Item 4. Description of Securities.
        --------------------------

                  Not applicable.

Item 5. Interests of Named Experts and Counsel.
        ---------------------------------------

                  The law firm of Mulligan & Mulligan is general counsel to the
Corporation and provided an opinion regarding the legality of the actions taken
and to be taken by the Corporation regarding its 1995 Incentive Stock Option
Plan. James J. Mulligan is a partner in Mulligan & Mulligan and is also a
director and Secretary of the Corporation. Mr. Mulligan is the beneficial owner
of 26,905 Common Shares and 5,380 warrants to purchase Common Shares of the
Corporation.

Item 6. Indemnification of Directors and Officers.
        ------------------------------------------

                  Article III of the Code of Regulations of the Corporation sets
forth certain rights of directors and officers of the Corporation to
indemnification. Under Article III, the liabilities against which a director and
officer may be indemnified and factors employed to determine whether a director
and officer is entitled to indemnification in a particular instance depend on
whether the proceeding in which the claim for indemnification arises was
brought (a) other than by and in the 

                                       -2-

<PAGE>   3

right of the Corporation ("Third Party Actions") or (b) by and in the right of
the Corporation ("Derivative Actions").

                  In Third Party Actions, the Corporation will indemnify each
director and officer against expenses, including attorneys' fees, judgments,
fines, penalties, and amounts paid in settlement actually and reasonably
incurred by him in connection with any threatened or actual proceeding in which
he may be involved by reason of his having acted in such capacity, if he acted
in good faith and in a manner he reasonably believed to be in or not opposed to
the best interests of the Corporation and with respect to any matter the subject
of a criminal proceeding, had no reasonable cause to believe that his conduct
was unlawful.

                  In Derivative Actions, the Corporation will indemnify each
director and officer against expenses, including attorneys' fees, actually and
reasonably incurred by him in connection with the defense or settlement of any
such proceeding if he acted in good faith and in a manner he reasonably believed
to be in or not opposed to the best interests of the Corporation except that no
indemnification is permitted with respect to any matter as to which such person
has been adjudged to be liable for negligence or misconduct in the performance
of his duty to the Corporation unless a court determines such person is entitled
to indemnification.

                  Unless indemnification is ordered by a court, the
determination as to whether or not an individual has satisfied the applicable
standards of conduct (and therefore may be indemnified) is made by the
Corporation by a majority vote of a quorum consisting of directors of the
Corporation who were not parties to the action; or if such a quorum is not
obtainable, or if a quorum of disinterested directors so directs, by independent
legal counsel in a written opinion; or by the shareholders of the Corporation.

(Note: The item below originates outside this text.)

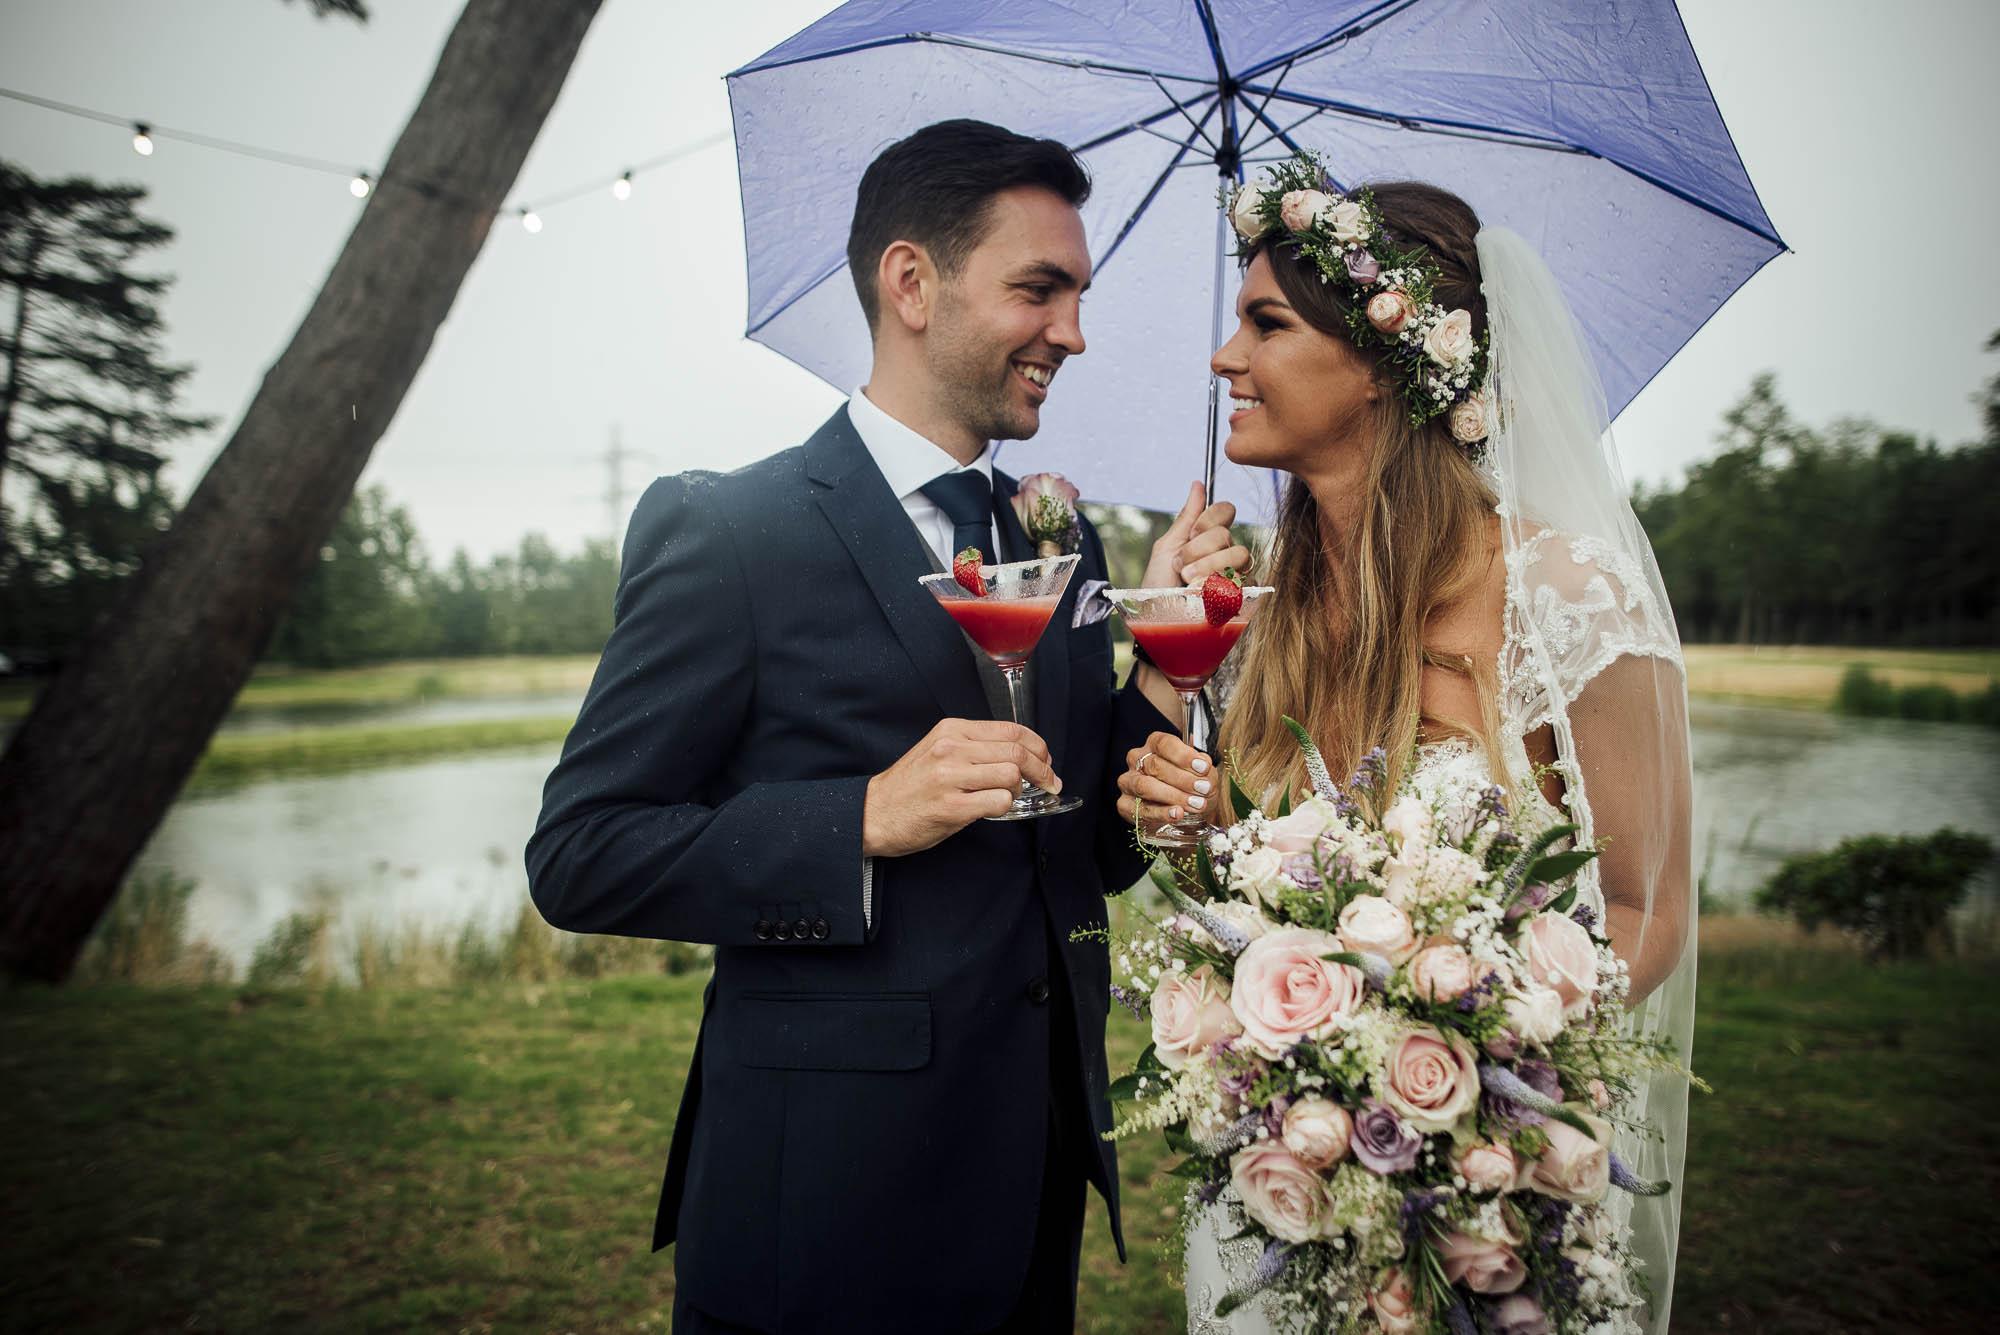 Bride & Groom share a cocktail on their rainy wedding day
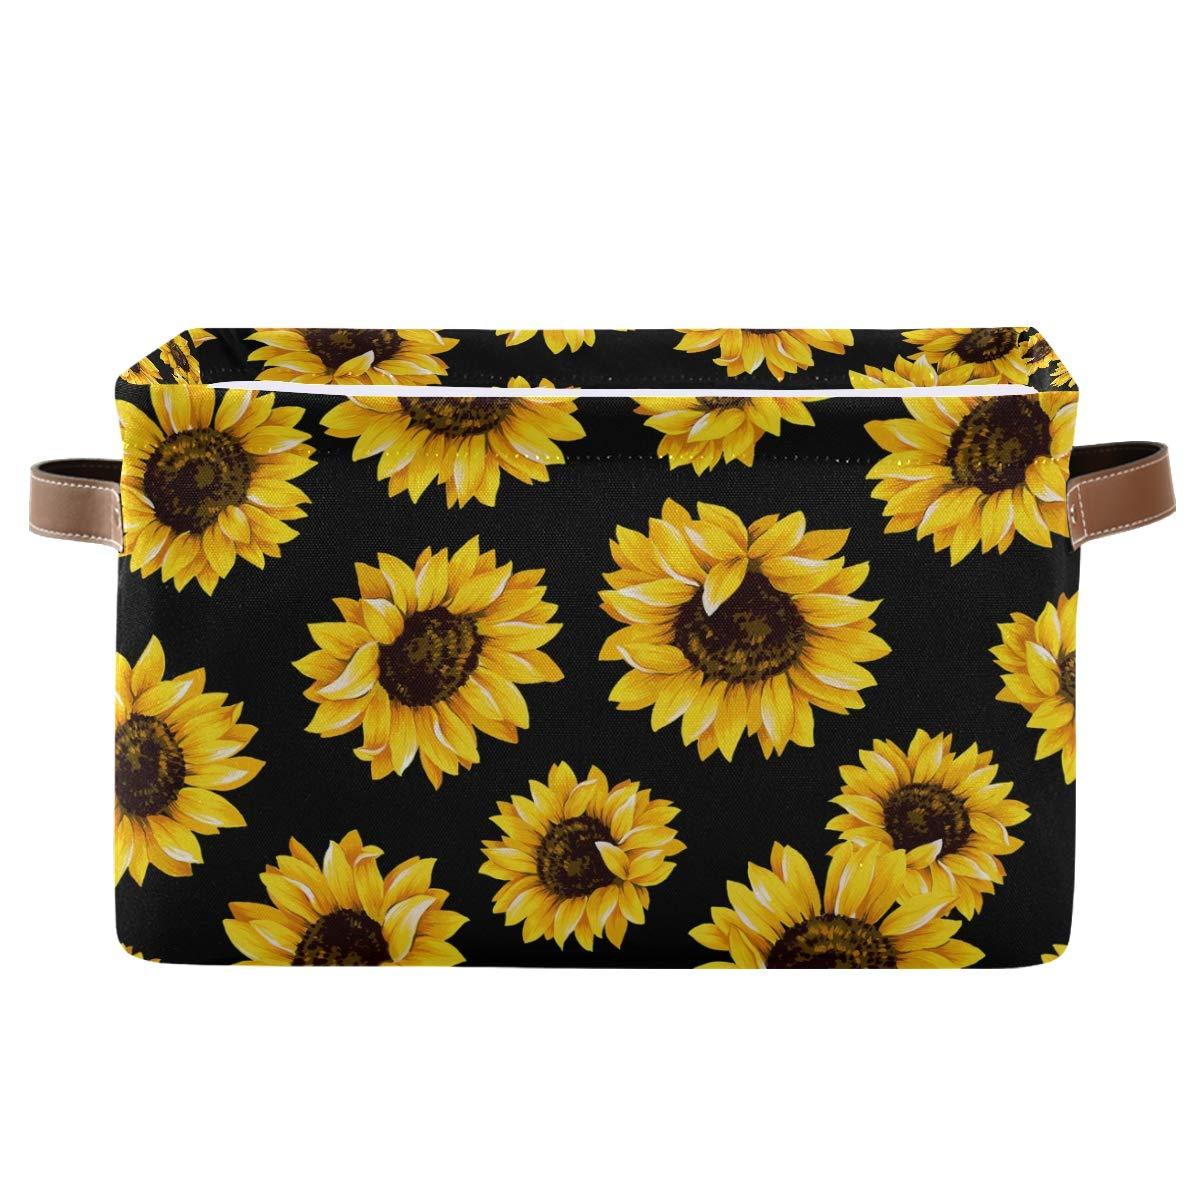 Rectangular Storage Bin Outstanding Beautiful with Sunflowers Handles Basket wholesale

                  Article III of the Code of Regulations does not limit in any
way other indemnification rights to which those seeking indemnification may be
entitled.

                  The Corporation maintains insurance policies which presently
provide protection, within the maximum liability limits of the policies and
subject to a deductible amount for each claim, to the Corporation under its
indemnification obligations and to the directors and officers with respect to
certain matters which are not covered by the Corporation's indemnification
obligations.

Item 7. Exemption from Registration Claimed.
        ------------------------------------

                  Not applicable.

Item 8. Exhibits.
        --------

                  See Index to Exhibits at Page 7.


Item 9. Undertakings.
        ------------

         (a)      The undersigned registrant hereby undertakes:

                  (1) To file, during any period in which offers or sales are
being made of the securities registered hereby, a post-effective amendment to
this registration statement:


                                     -3-
<PAGE>   4


                         (i) To include any prospectus required by section
                  10(a)(3) of the Securities Act of 1933 ("Securities Act");

                         (ii) To reflect in the prospectus any facts or events
                  arising after the effective date of the registration
                  statement (or the most recent post-effective amendment
                  thereof) which, individually or in the aggregate, represent
                  a fundamental change in the information set forth in this
                  registration statement;

                       (iii) To include any material information with respect
                  to the plan of distribution not previously disclosed in the
                  registration statement or any material change to such
                  information in the registration statement;

provided, however, that the undertakings set forth in paragraphs (a)(1)(i) and
(a)(1)(ii) above do not apply if the information required to be included in a
post-effective amendment by those paragraphs is contained in periodic reports
filed by the registrant pursuant to Section 13 or Section 15(d) of the Exchange
Act that are incorporated by reference in this registration statement.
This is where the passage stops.